|Year : 2018 | Volume
| Issue : 2 | Page : 105-108
Role of cervical vestibular-evoked myogenic potentials in evaluating vestibular dysfunction in patients with Type II diabetes mellitus: A prospective institutional study
Sitaramaraju Kanumuri, Krishna Vemuru Chaitanya, Janardhan Nara, K Vasu Kumar Reddy
Department of ENT, Narayana Medical College and Hospital, Nellore, Andhra Pradesh, India
|Date of Web Publication||4-Sep-2018|
Dr. Krishna Vemuru Chaitanya
Department of ENT, Quarters No. 98, Narayana Medical College and Hospital, Chinthareddypalem, Nellore - 524 003, Andhra Pradesh
Source of Support: None, Conflict of Interest: None
Introduction: Cervical Vestibular Evoked Myogenic Potentials (C VEMP) is new dimension of non-invasive investigation to evaluate integrity of Saccule and inferior vestibular nerve by means of sacculo-collic reflex. In this study, we intend to use cervical vestibular evoked Myogenic potential as tool to investigate prevalence of vestibular dysfunction in patients with type II diabetes mellitus. Objectives: To study the prevalence of vestibular dysfunction as measured by cervical Vestibular Evoked Myogenic Potentials in patients with type 2 diabetes mellitus. Results: Prospective study performed on patients presenting in Otorhinolaryngology department during 2013-2016. Patients in study with type 2 diabetes mellitus of greater than 5 years underwent vestibular assessment by using Cervical Vestibular Evoked Myogenic Potentials. It was observed that 4 (10.0%) patients had absent bilateral Cervical Vestibular Evoked Myogenic Potentials responses, 8(20.0%) patients had delayed Cervical Vestibular Evoked Myogenic Potentials responses with delayed p1 and n1 latencies. Discussion and Conclusion: In diabetic individuals who are asymptomatic in patients who never complained of giddiness, Cervical Vestibular Evoked Myogenic Potentials identified vestibular dysfunction in 25% of patients. In symptomatic diabetic mellitus individuals, Cervical Vestibular Evoked Myogenic Potentials was able to identify 33.3% of vestibular dysfunction, however in another 33.3% of patients where Cervical Vestibular Evoked Myogenic Potentials failed to identify.
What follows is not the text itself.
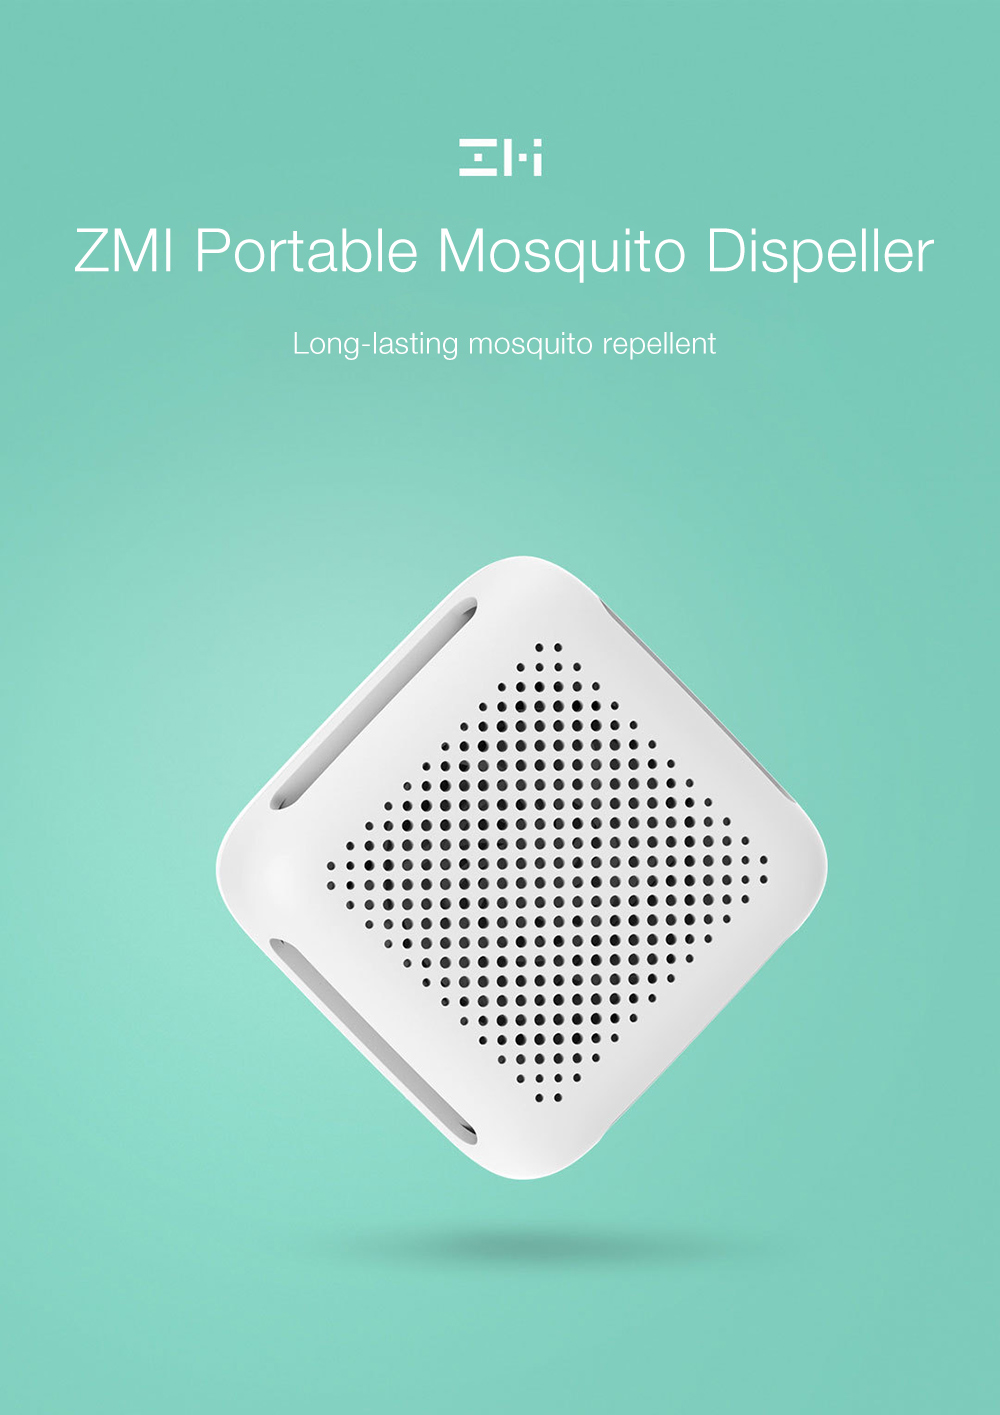 ZMI Portable Efficient Mosquito Dispeller

Keywords: Cervical vestibular-evoked myogenic potentials, diabetes mellitus, vestibular deficiency
|How to cite this article:|
Kanumuri S, Chaitanya KV, Nara J, Kumar Reddy K V. Role of cervical vestibular-evoked myogenic potentials in evaluating vestibular dysfunction in patients with Type II diabetes mellitus: A prospective institutional study. Indian J Otol 2018;24:105-8
|How to cite this URL:|
Kanumuri S, Chaitanya KV, Nara J, Kumar Reddy K V. Role of cervical vestibular-evoked myogenic potentials in evaluating vestibular dysfunction in patients with Type II diabetes mellitus: A prospective institutional study. Indian J Otol [serial online] 2018 [cited 2019 May 26];24:105-8. Available from: http://www.indianjotol.org/text.asp?2018/24/2/105/240562
| Introduction|| |
Cervical vestibular-evoked myogenic potentials (cVEMPs) is a new dimension in vestibular system investigation; it is a noninvasive investigation to evaluate the integrity of saccule and inferior vestibular nerve by means of sacculo-collic reflex. Vertiginous attacks are common in patients with type II diabetes mellitus due to poor glycemic control. However, recent literature suggests the role of vestibular dysfunction for these vertiginous attacks.
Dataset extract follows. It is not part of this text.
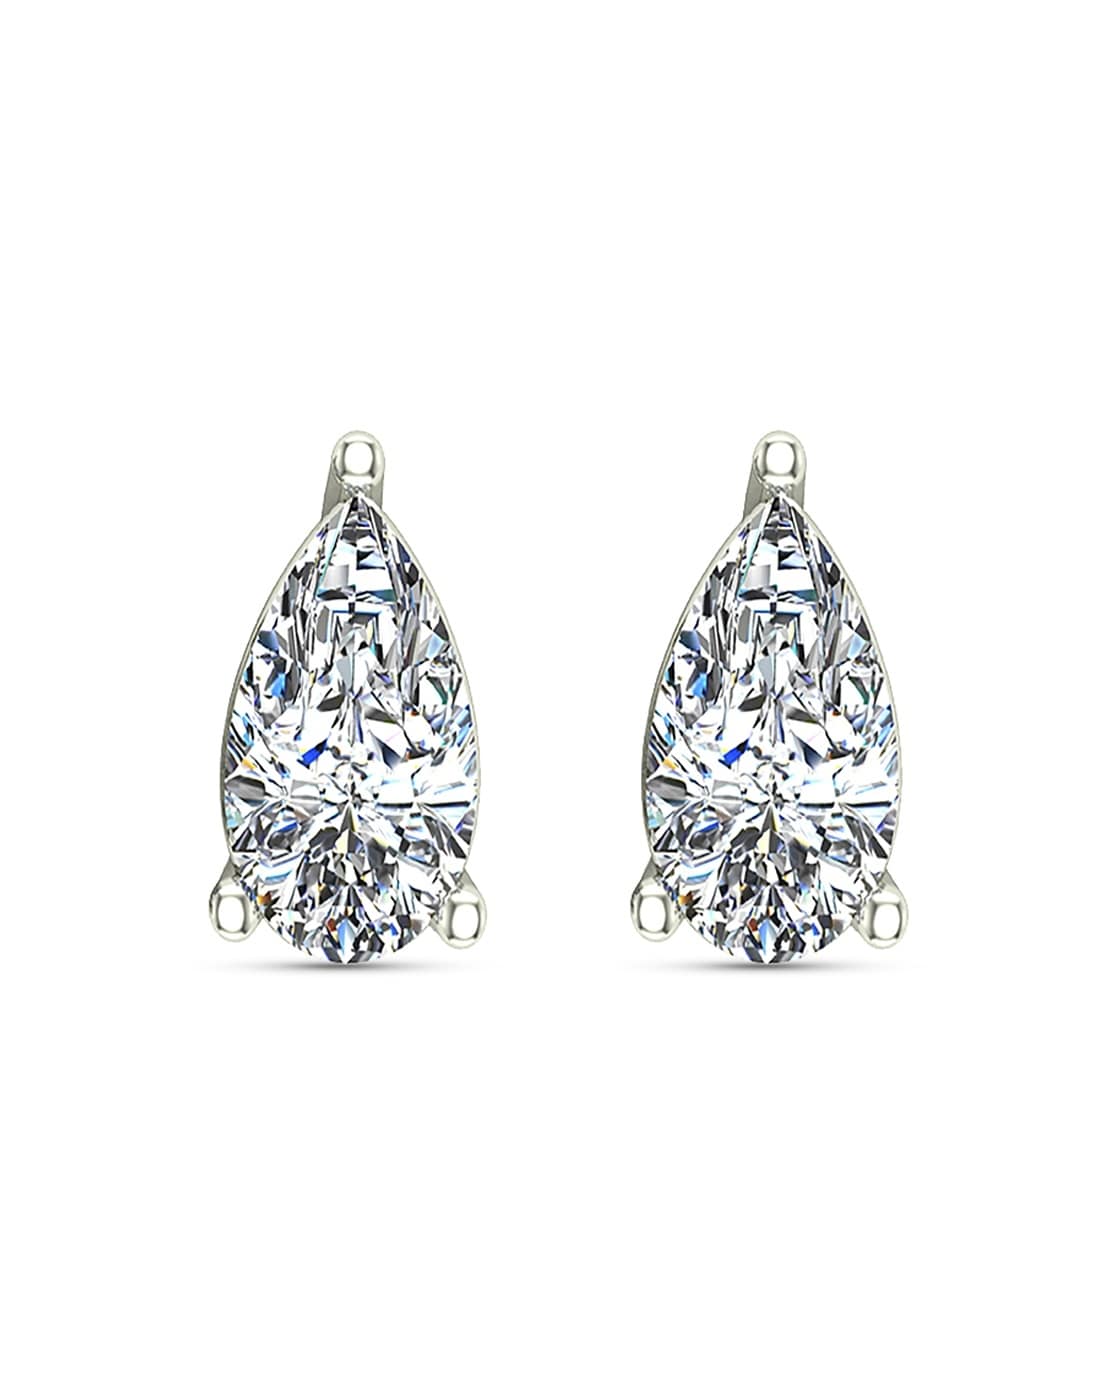 Infinity Opal 9ct White Gold Stud Earrings | Jian London

Vestibulopathy, a term often suggestive of hypofunction in horizontal as well as vertical canals evidenced with electronystagmography (ENG) and cVEMP, does cause a significant problem in the elderly. The problem may cause oscillopsia during locomotion and/or head movements, which often causes unsteadiness. Many morphological studies have suggested that microvascular and connective tissue changes as well as alteration of inner fluid metabolism contribute to otolith injury in people with diabetes.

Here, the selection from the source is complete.